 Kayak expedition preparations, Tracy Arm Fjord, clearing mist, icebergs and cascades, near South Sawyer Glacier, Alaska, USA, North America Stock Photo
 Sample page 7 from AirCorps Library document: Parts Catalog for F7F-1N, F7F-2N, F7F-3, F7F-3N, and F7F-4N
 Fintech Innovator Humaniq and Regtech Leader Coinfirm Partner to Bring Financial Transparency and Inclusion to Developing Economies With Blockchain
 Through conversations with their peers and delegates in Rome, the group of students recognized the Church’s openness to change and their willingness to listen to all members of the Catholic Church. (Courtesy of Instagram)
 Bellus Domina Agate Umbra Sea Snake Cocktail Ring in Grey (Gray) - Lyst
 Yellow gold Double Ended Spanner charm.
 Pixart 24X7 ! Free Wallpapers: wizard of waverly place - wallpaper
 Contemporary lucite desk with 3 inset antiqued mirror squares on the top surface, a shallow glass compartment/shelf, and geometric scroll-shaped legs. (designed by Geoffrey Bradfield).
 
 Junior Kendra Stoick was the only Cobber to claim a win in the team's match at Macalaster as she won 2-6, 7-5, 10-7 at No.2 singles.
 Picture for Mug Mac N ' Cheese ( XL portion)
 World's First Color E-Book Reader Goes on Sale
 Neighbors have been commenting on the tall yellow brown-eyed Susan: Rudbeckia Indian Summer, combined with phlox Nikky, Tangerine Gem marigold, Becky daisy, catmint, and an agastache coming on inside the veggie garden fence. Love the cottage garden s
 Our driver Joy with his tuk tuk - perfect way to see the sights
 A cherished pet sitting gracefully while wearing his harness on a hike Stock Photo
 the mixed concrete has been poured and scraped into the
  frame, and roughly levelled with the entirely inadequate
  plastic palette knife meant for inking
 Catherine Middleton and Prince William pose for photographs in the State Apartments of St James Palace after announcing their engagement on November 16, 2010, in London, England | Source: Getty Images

* [REQUIREMENT]: Retype each of the preceding records exactly as printed.

* [SOLUTION]:
 Kayak expedition preparations, Tracy Arm Fjord, clearing mist, icebergs and cascades, near South Sawyer Glacier, Alaska, USA, North America Stock Photo
 Sample page 7 from AirCorps Library document: Parts Catalog for F7F-1N, F7F-2N, F7F-3, F7F-3N, and F7F-4N
 Fintech Innovator Humaniq and Regtech Leader Coinfirm Partner to Bring Financial Transparency and Inclusion to Developing Economies With Blockchain
 Through conversations with their peers and delegates in Rome, the group of students recognized the Church’s openness to change and their willingness to listen to all members of the Catholic Church. (Courtesy of Instagram)
 Bellus Domina Agate Umbra Sea Snake Cocktail Ring in Grey (Gray) - Lyst
 Yellow gold Double Ended Spanner charm.
 Pixart 24X7 ! Free Wallpapers: wizard of waverly place - wallpaper
 Contemporary lucite desk with 3 inset antiqued mirror squares on the top surface, a shallow glass compartment/shelf, and geometric scroll-shaped legs. (designed by Geoffrey Bradfield).
 
 Junior Kendra Stoick was the only Cobber to claim a win in the team's match at Macalaster as she won 2-6, 7-5, 10-7 at No.2 singles.
 Picture for Mug Mac N ' Cheese ( XL portion)
 World's First Color E-Book Reader Goes on Sale
 Neighbors have been commenting on the tall yellow brown-eyed Susan: Rudbeckia Indian Summer, combined with phlox Nikky, Tangerine Gem marigold, Becky daisy, catmint, and an agastache coming on inside the veggie garden fence. Love the cottage garden s
 Our driver Joy with his tuk tuk - perfect way to see the sights
 A cherished pet sitting gracefully while wearing his harness on a hike Stock Photo
 the mixed concrete has been poured and scraped into the
  frame, and roughly levelled with the entirely inadequate
  plastic palette knife meant for inking
 Catherine Middleton and Prince William pose for photographs in the State Apartments of St James Palace after announcing their engagement on November 16, 2010, in London, England | Source: Getty Images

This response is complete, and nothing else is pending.